Biological and Agricultural Engineering
Louisiana State University, Baton Rouge, LA 70803
Mgree15@lsu.edu  
** Hall at NCSU, Raleigh NC, 27606 USA
 

Rice hulls have been explored for use as a biofriendly and economical biofilter media.  Lab scale studies suggest they are not significantly different from EN (plastic) media in their ability to host bacteria in biofilters at levels of total ammonia nitrogen (TAN) from 3-6ppm.  Two factors are critical in differentiating this media and engineering has been done to adapt to the media.  First, their density is different from that of the EN plastic media, so reactors must be designed to accommodate their density.  Second, they do biodegrade slowly over time and small pieces can break off and must be removed to reduce BOD.  Hence, both solids reduction techniques and correct flow design in biofilters are necessary.
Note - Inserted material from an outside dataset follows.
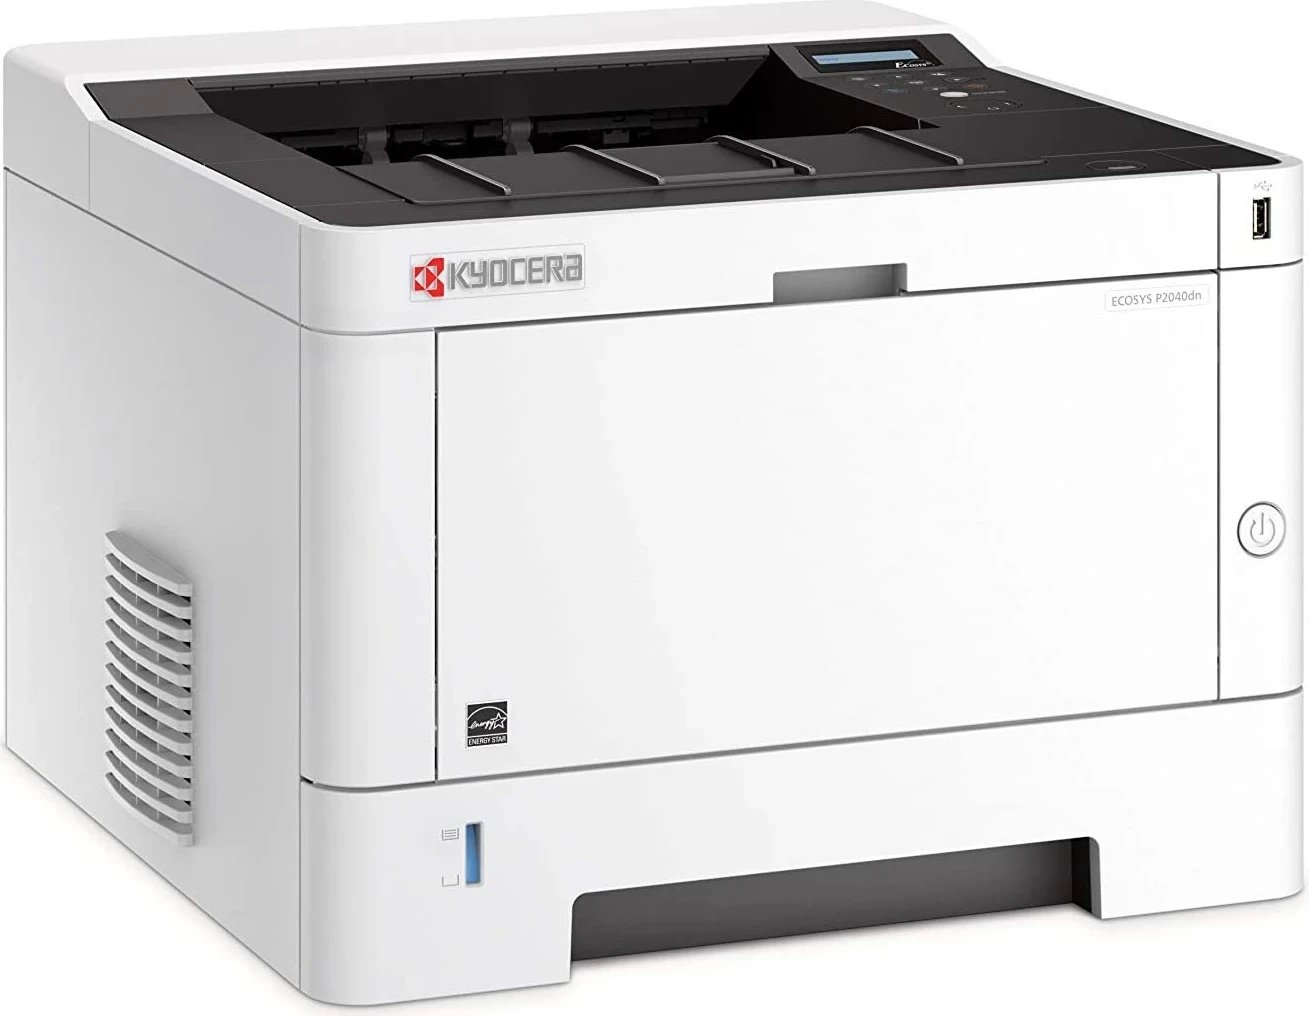 Printer Kyocera Ecosys P2040dn, i bardhë

Rice hulls are available in many developing countries, so use of rice hulls as media in biofilters could be advantageous and economically viable in these areas.  A separate project focused on the economics of this  technology and possible low cost applications for more sustainable aquaculture.

Removal rates ranged from 70-84% in laboratory studies up to 6 ppm.  A commercial scale vortex reactor was designed and built using rice hulls as biomedia.  This reactor worked up to 60ppm TAN, but design improvements were required to keep the biomedia moving with an airlift driven vortex.  

A technique was used to remove about 10% of biodegraded biomedia every 2 weeks and an economic analysis suggests this media may be useful in developing countries where capital costs must be minimized but labor costs may remain low, allowing an economic use of this biobased system.This may especially benefit developing countries to use this more affordable technique for biofiltration in their aquaculture industries.